Petition for Disciplinary or Remedial Action
Unless the complaint is dismissed or otherwise resolved by agreement of the parties, Bar Counsel institutes more formal proceedings by petitioning the Court of Appeals for disciplinary or remedial action. Unlike the summary contained in the Statement of Charges, this petition must clearly specify the professional misconduct charged and/or the basis of any allegation that the respondent is incapacitated and should be placed on inactive status.
Discovery and Evidentiary Hearing
Once filed, the Court of Appeals will enter an order appointing a Circuit Court judge to act on its behalf in overseeing the discovery process, ruling upon motions, holding an evidentiary hearing and issuing factual findings, legal conclusions and recommended action. After being served with this order and a copy of the Petition, the responding attorney has 15 days to file an Answer and either party may request that the Court of Appeals appoint a different judge within that time.
Unless the respondent defaults by failing to answer the Petition on time, the case proceeds in a manner similar to other civil cases in the Circuit Court, but at a much faster pace.

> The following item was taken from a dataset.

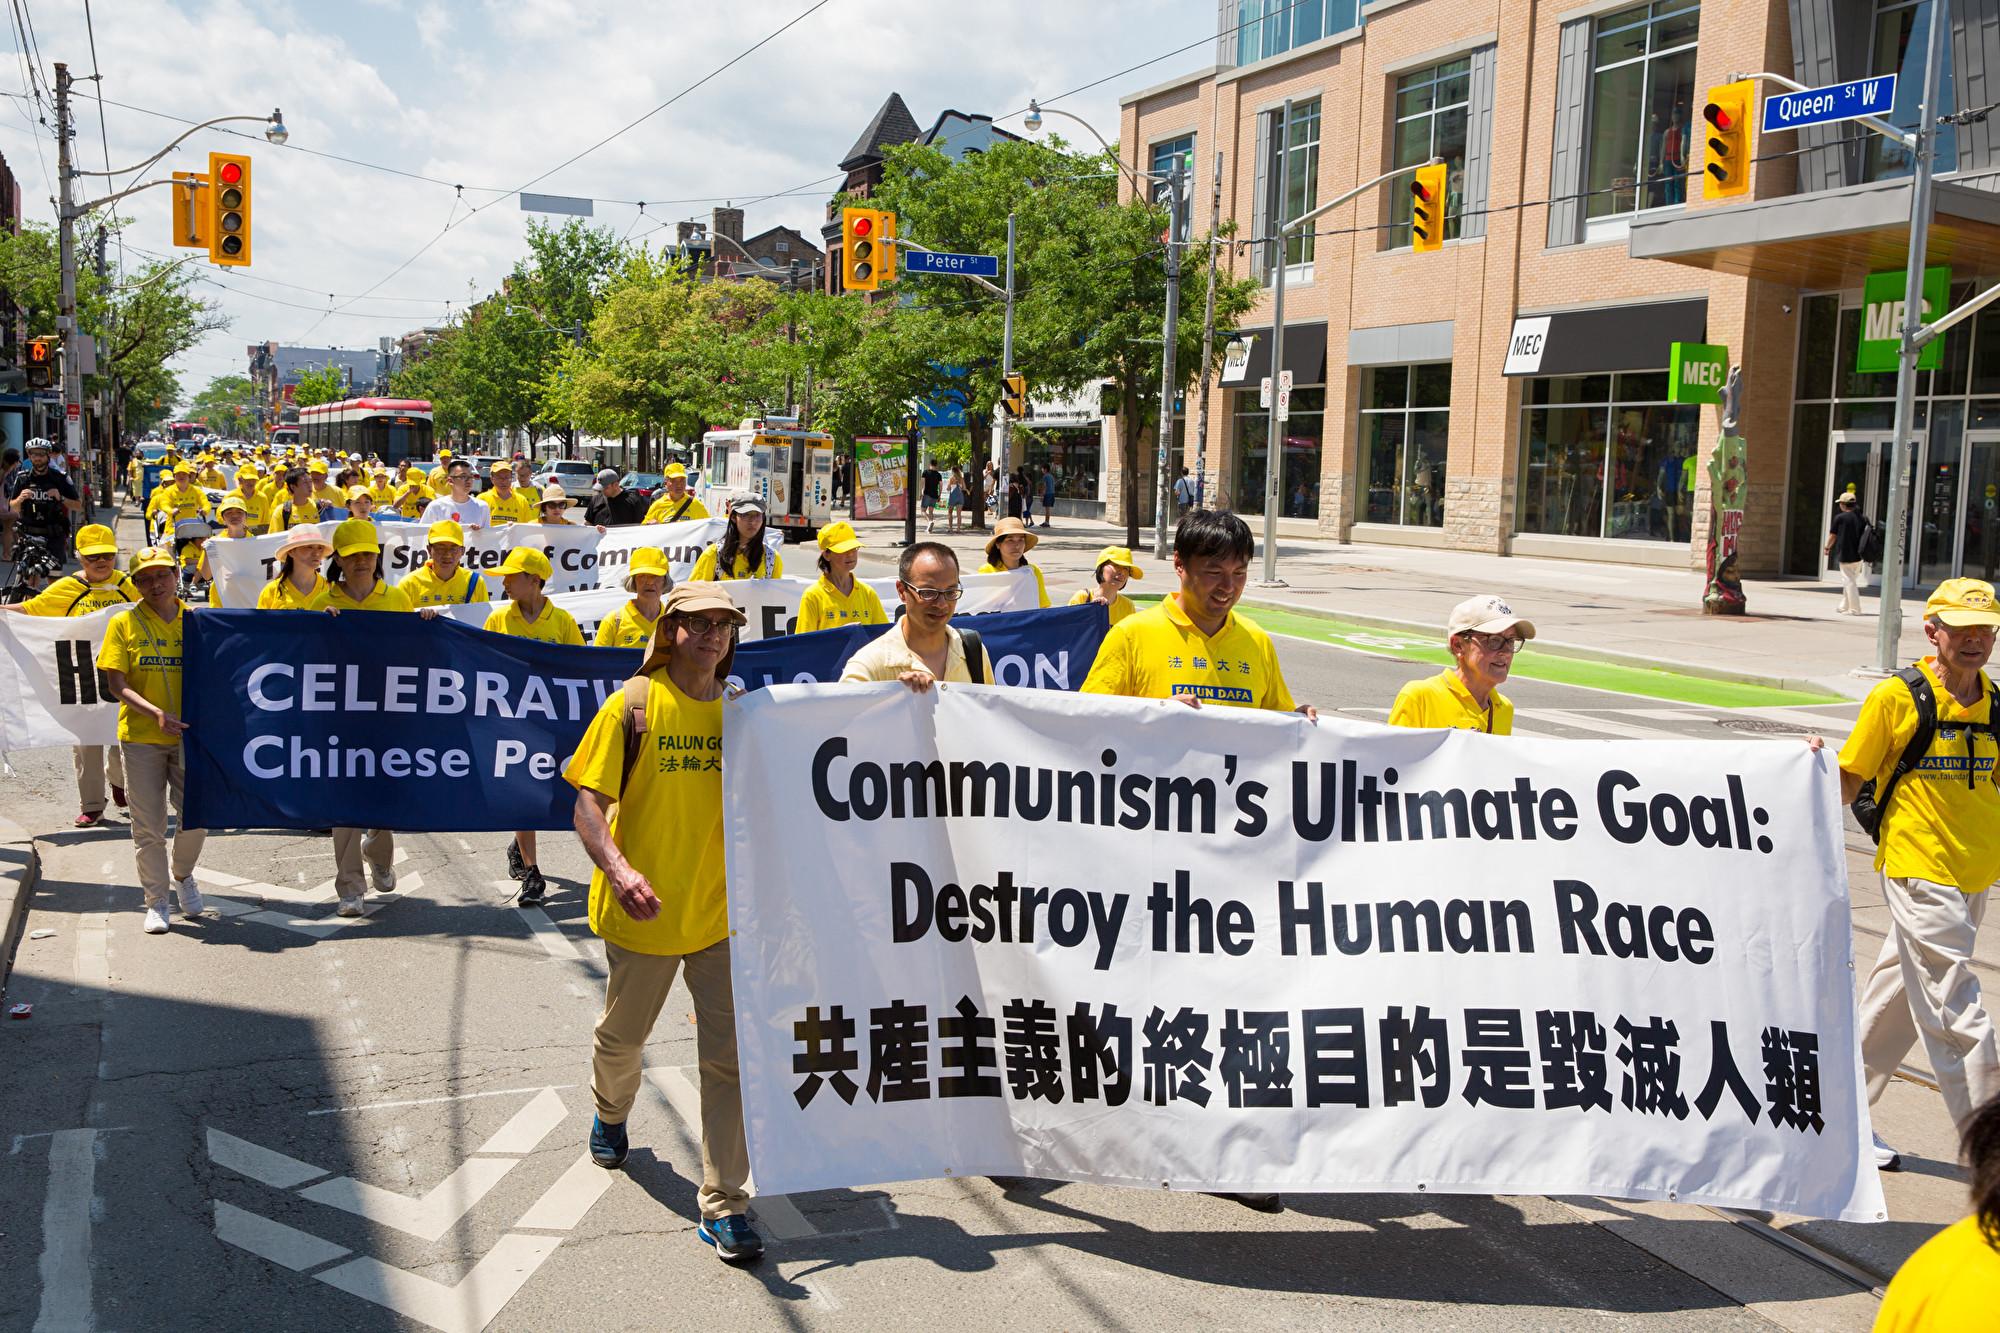 7月20日,加東地區法輪功學員舉行盛大遊行,紀念反迫害20周年,圖為學員手拿橫幅「共產主義的終極目的是毀滅人類。(艾文/大紀元)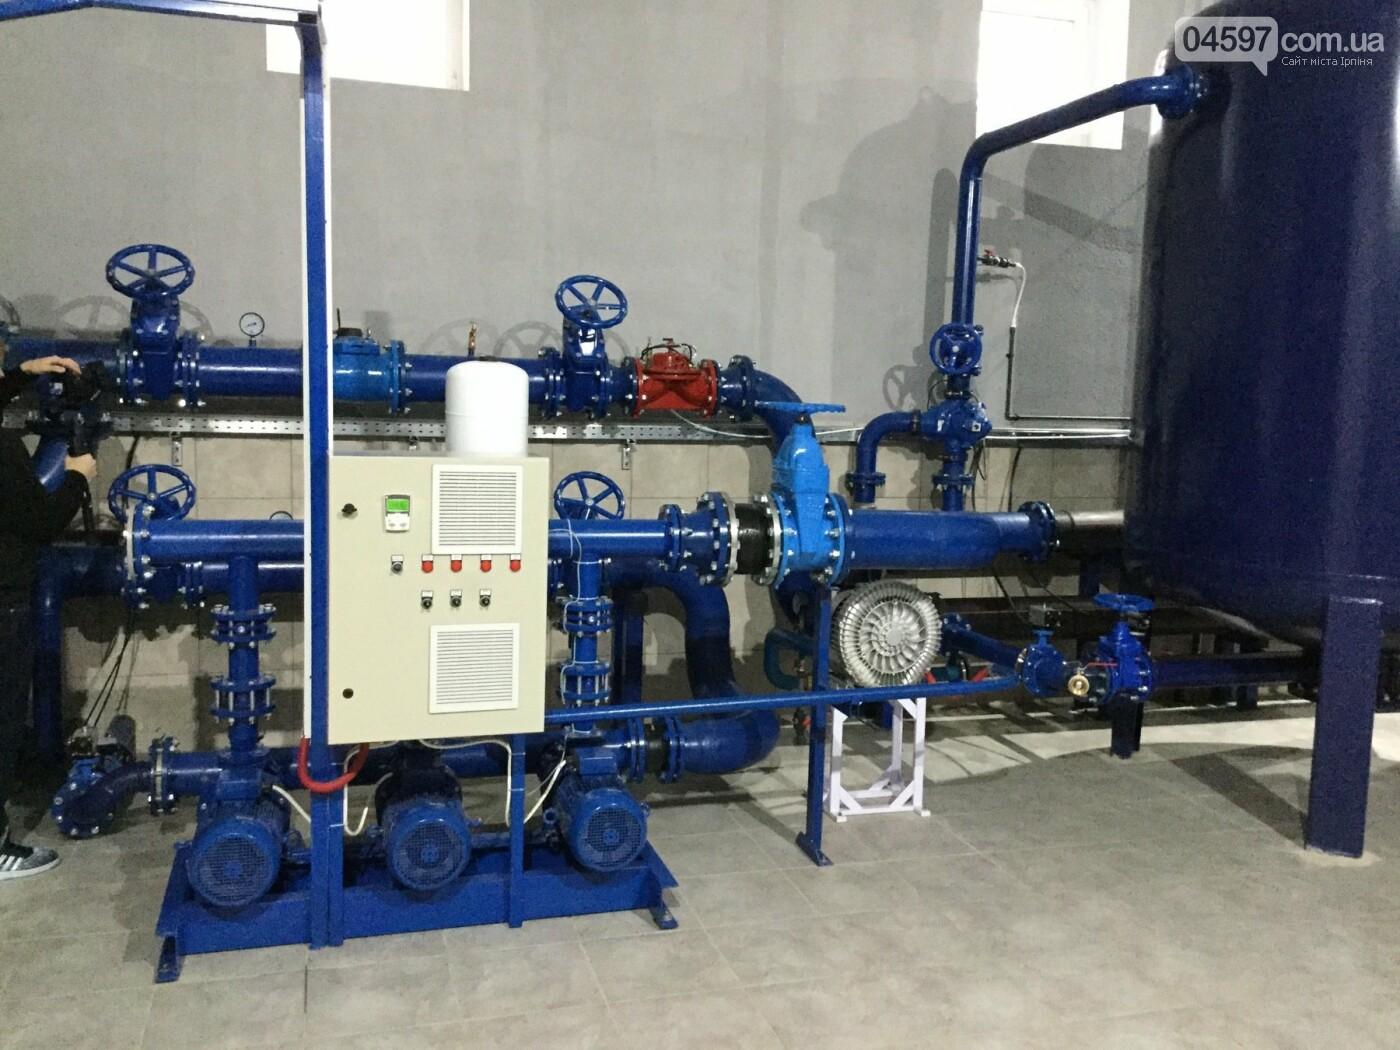 В Ірпені відкрили потужну станцію очистки води, фото-3

Absent an extension, the trial judge must complete an evidentiary hearing within 120 days of his appointment, and issue his decision within 45 days thereafter.
Laboring under a tight scheduling order, Bar Counsel and respondent’s counsel must comply with the same discovery and evidentiary rules applicable to other civil cases in the circuit court. At trial, the judge may permit any complainant to testify, subject to cross-examination, regarding the effect of the alleged misconduct, the respondent may offer evidence of any action taken to rectify the harm, and Bar Counsel may rebut this evidence.
Ultimately, Bar Counsel must prove misconduct or incapacity by clear and convincing evidence and the respondent must establish any affirmative defenses or mitigating circumstances by a preponderance of the evidence.
Court of Appeals Proceedings
After the trial judge issues an opinion presenting factual findings and conclusions of law, the case shifts to the Court of Appeals where the parties will have 15 days to take exceptions to the trial court’s opinion and to resolve the case in their favor. Once each party has responded to the other’s arguments, the Court will hold an oral argument to review the trial court’s decision.
Although the Court reviews the circuit court’s legal conclusions de novo, it gives great deference to the trial judge’s factual findings. Because the hearing judge had an opportunity to personally assess the credibility of witnesses in the case, the Court will only sustain an exception to these findings if they are clearly erroneous.
Ultimately, the Court of Appeals may resolve the case by ordering the respondent attorney’s disbarment, by suspending his privilege to practice law indefinitely or for a specified period, by reprimanding the attorney, by placing an incapacitated attorney on inactive status, by dismissing the case or by remanding it for further proceedings. In appropriate cases, the Court may stay the execution of a suspension, typically by placing the attorney on probation under conditions akin to a Conditional Diversion Agreement. See List of Sanctions & Dismissals in Maryland Attorney Grievance Cases.